## Assignment
What you give back from the listing below should be an exact copy of the lines from the one with "Mercedes G63 Steering Wheel - LED Display" down to the one with "casombie-casino-featured-pic", and it should contain no pictures.

## The data

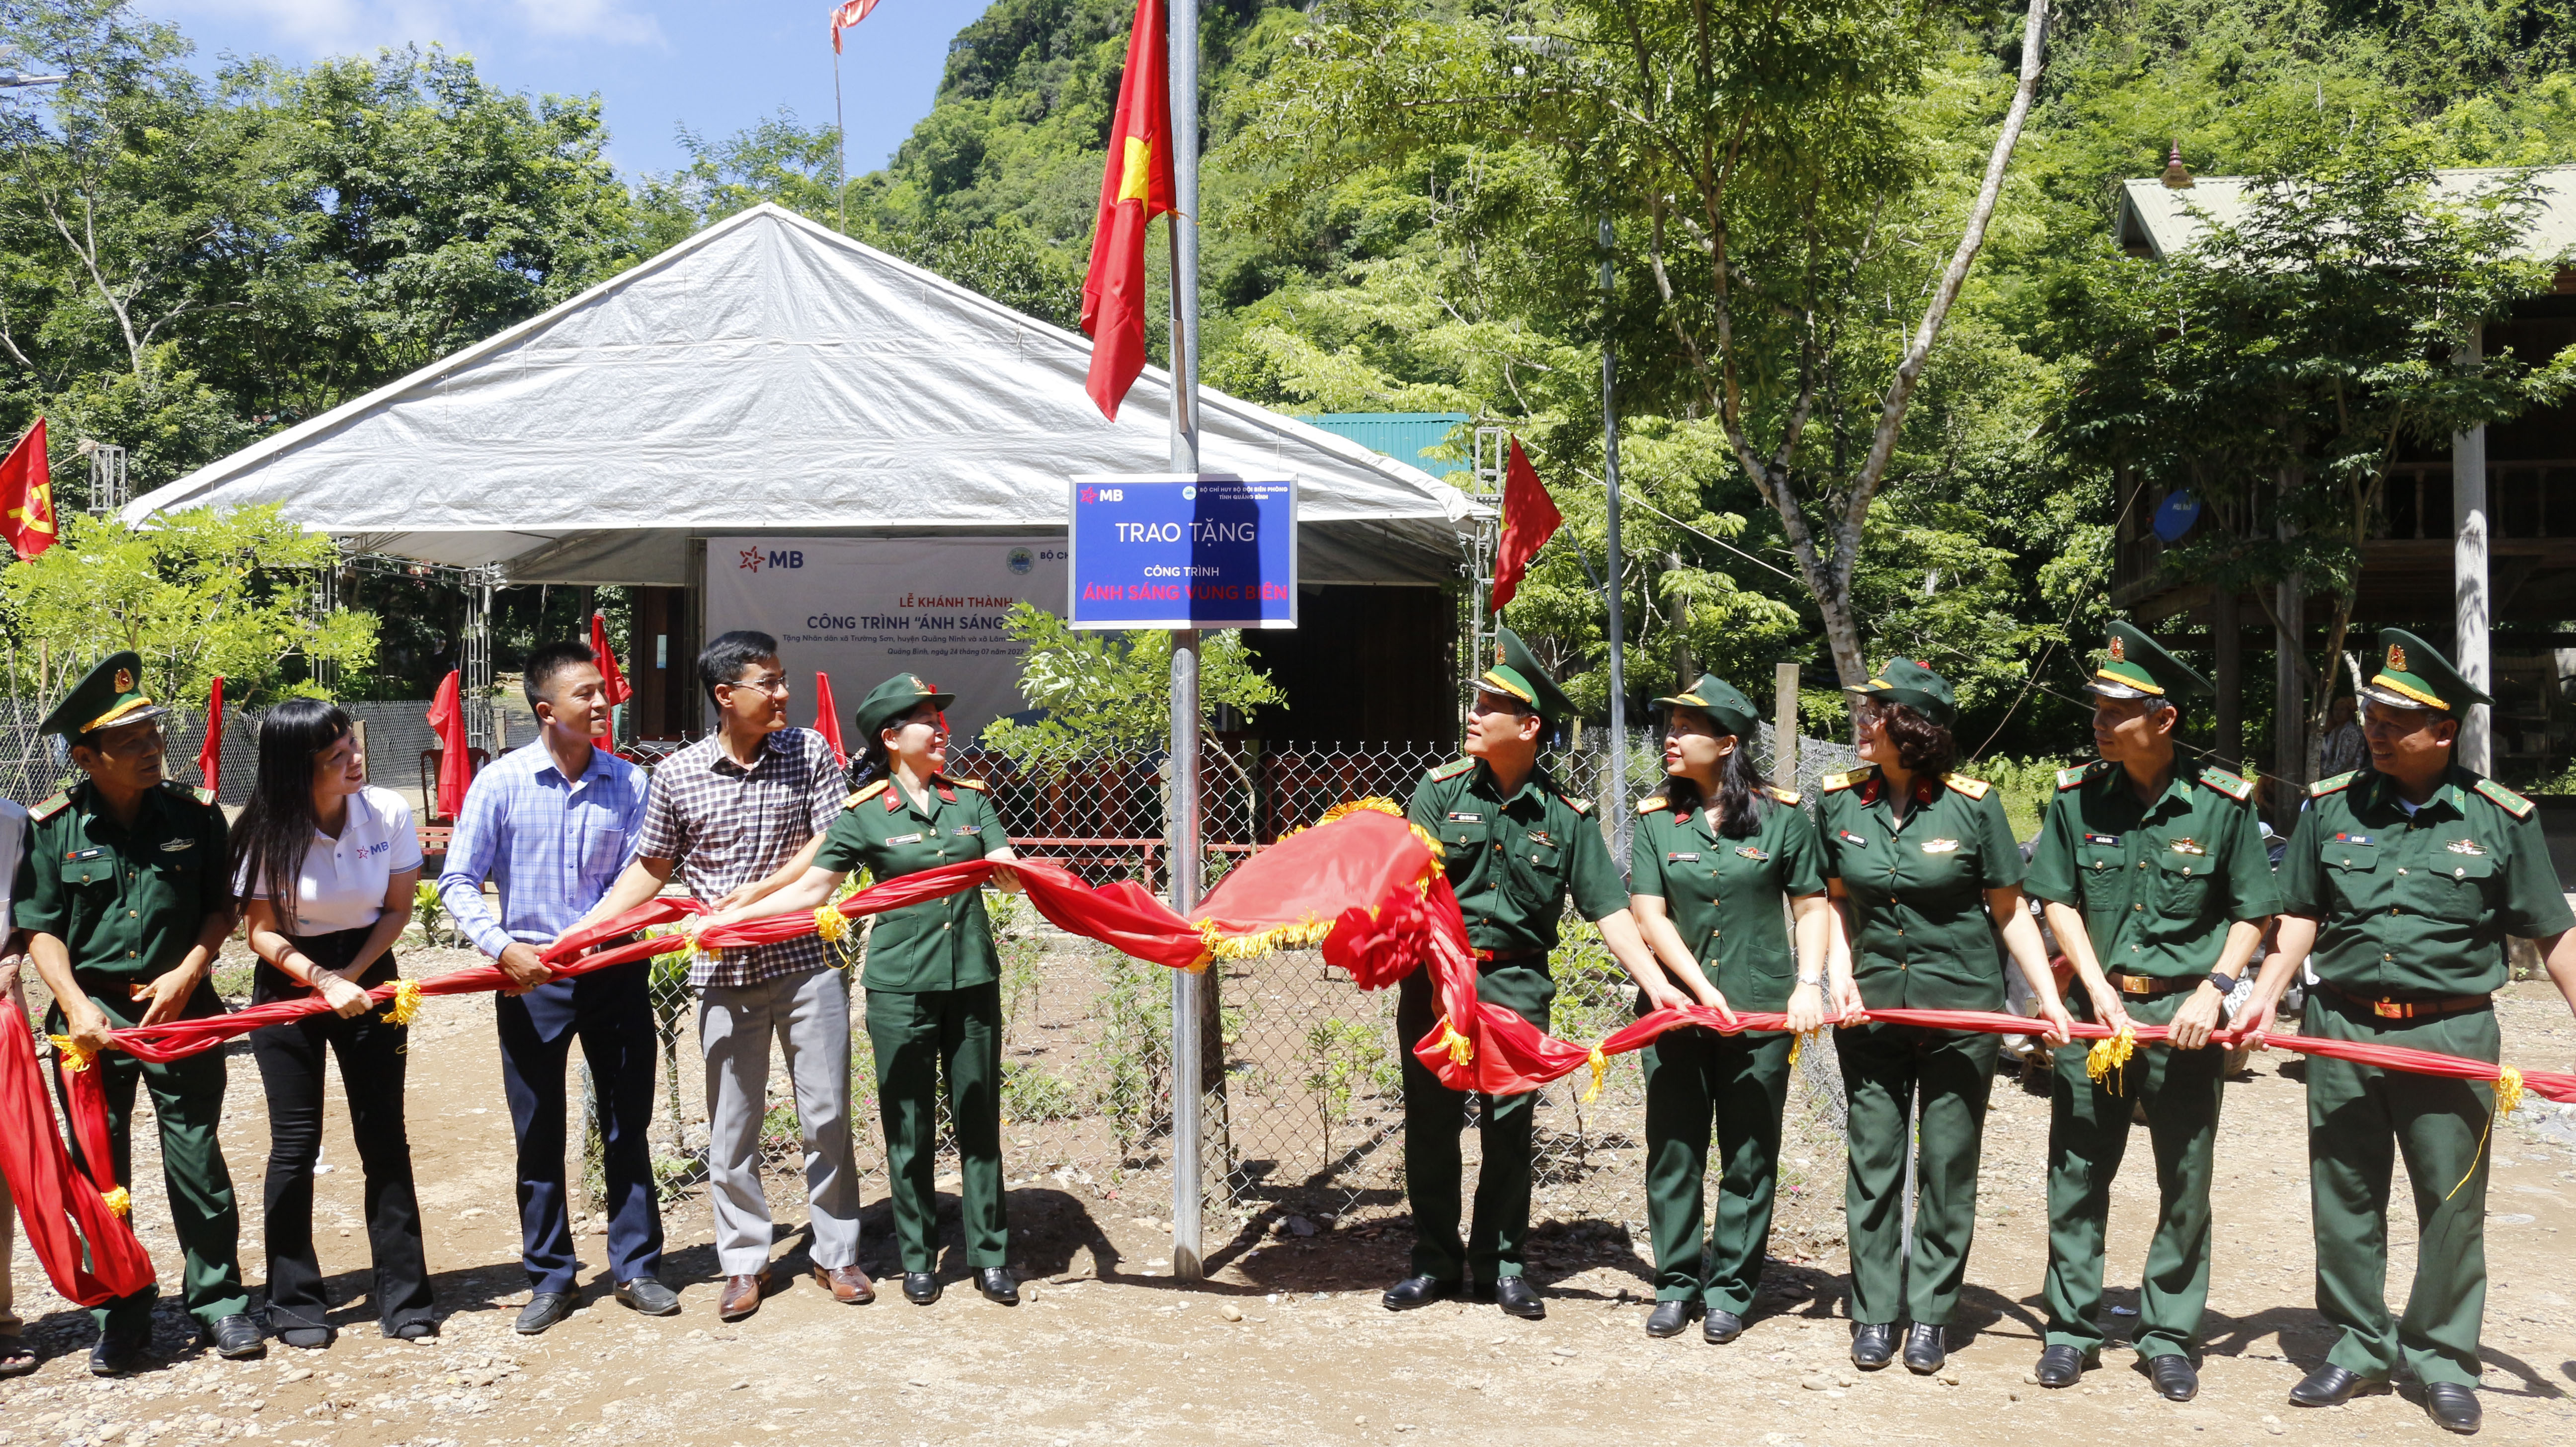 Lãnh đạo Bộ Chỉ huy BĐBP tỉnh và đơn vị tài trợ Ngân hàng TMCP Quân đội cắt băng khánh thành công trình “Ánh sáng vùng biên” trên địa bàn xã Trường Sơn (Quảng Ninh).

---

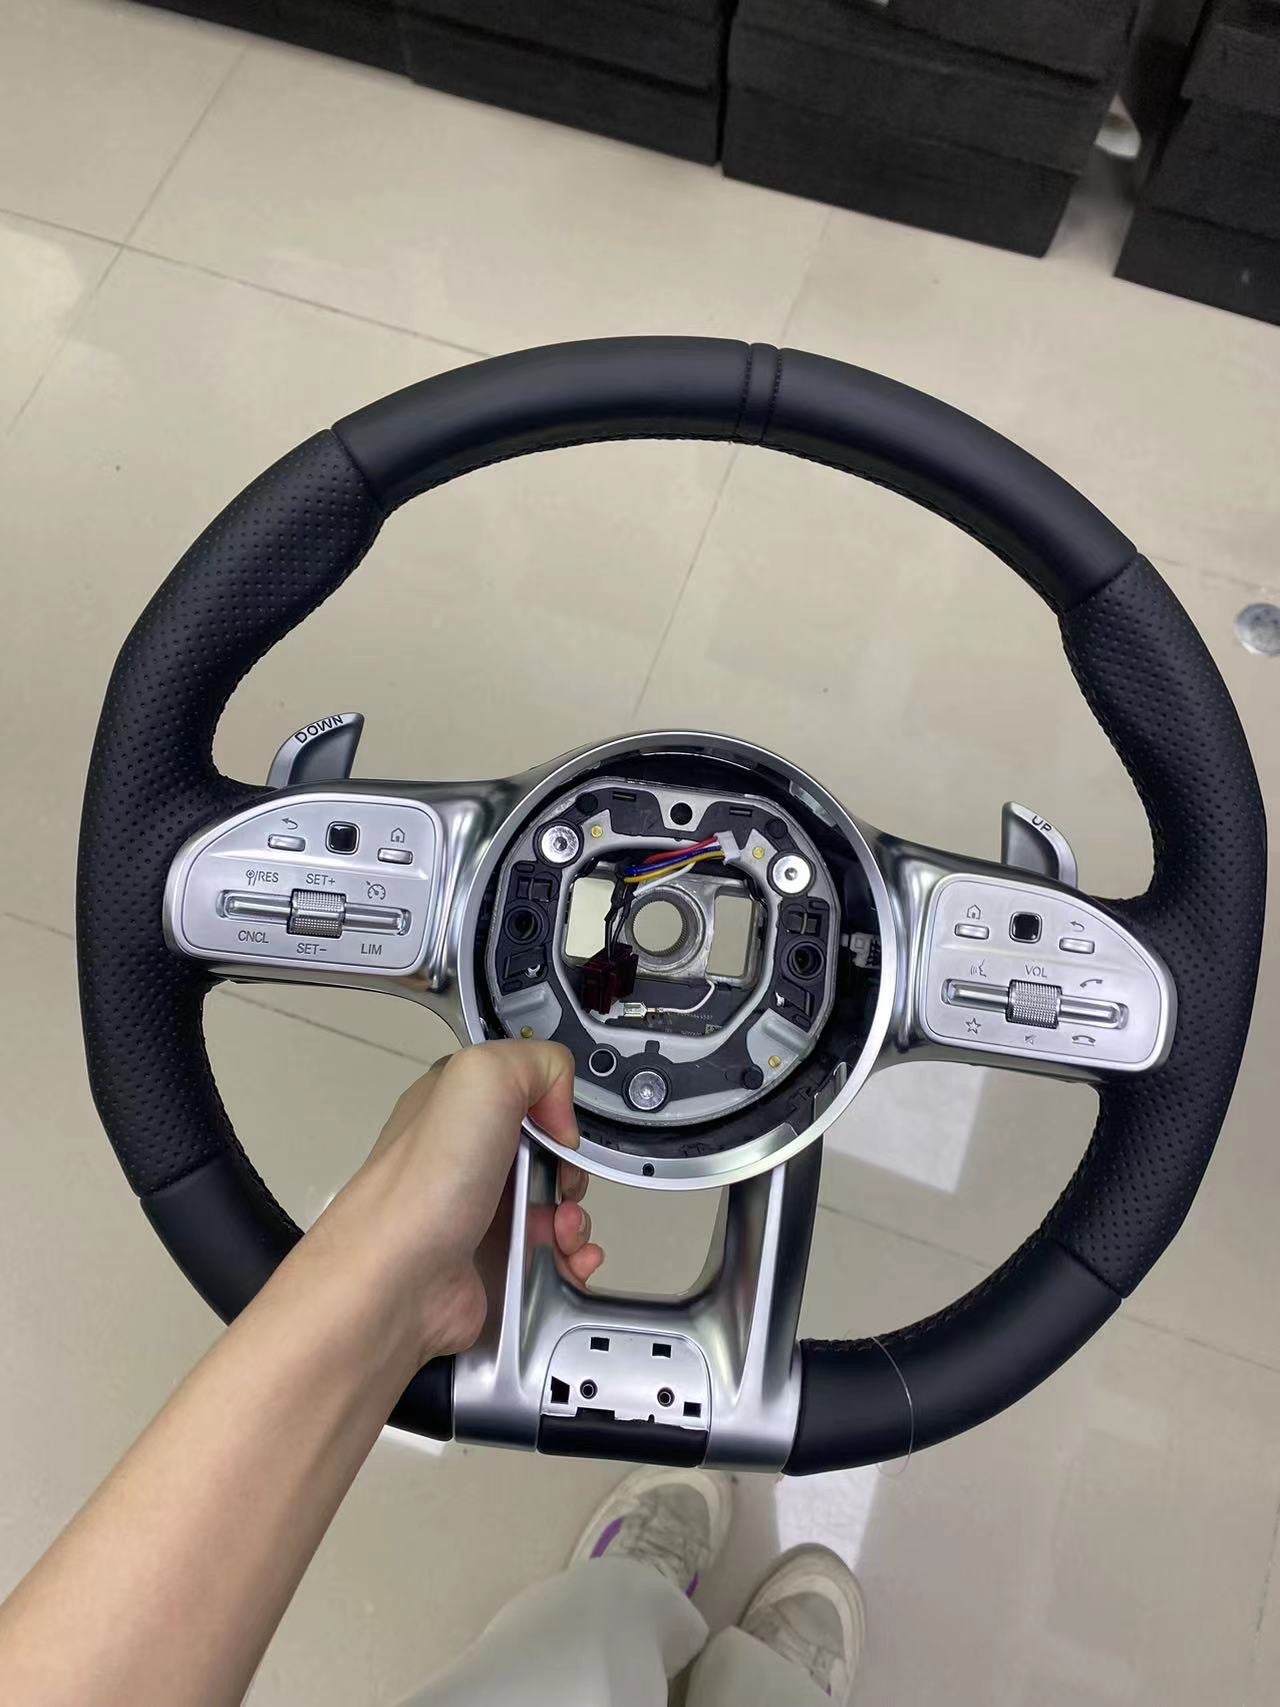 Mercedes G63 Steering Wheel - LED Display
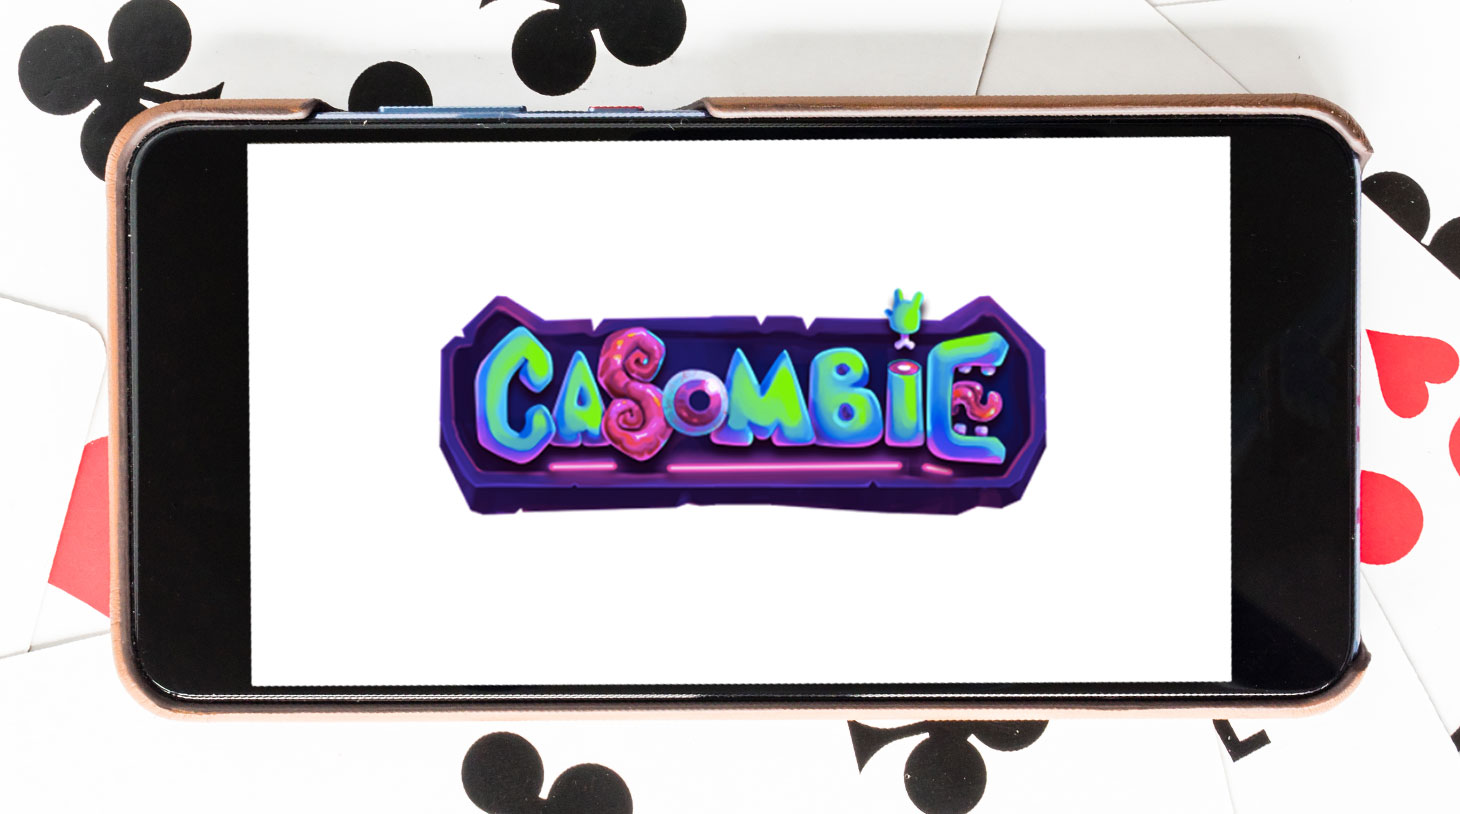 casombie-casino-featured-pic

## Reply to the exercise
 Mercedes G63 Steering Wheel - LED Display
 casombie-casino-featured-pic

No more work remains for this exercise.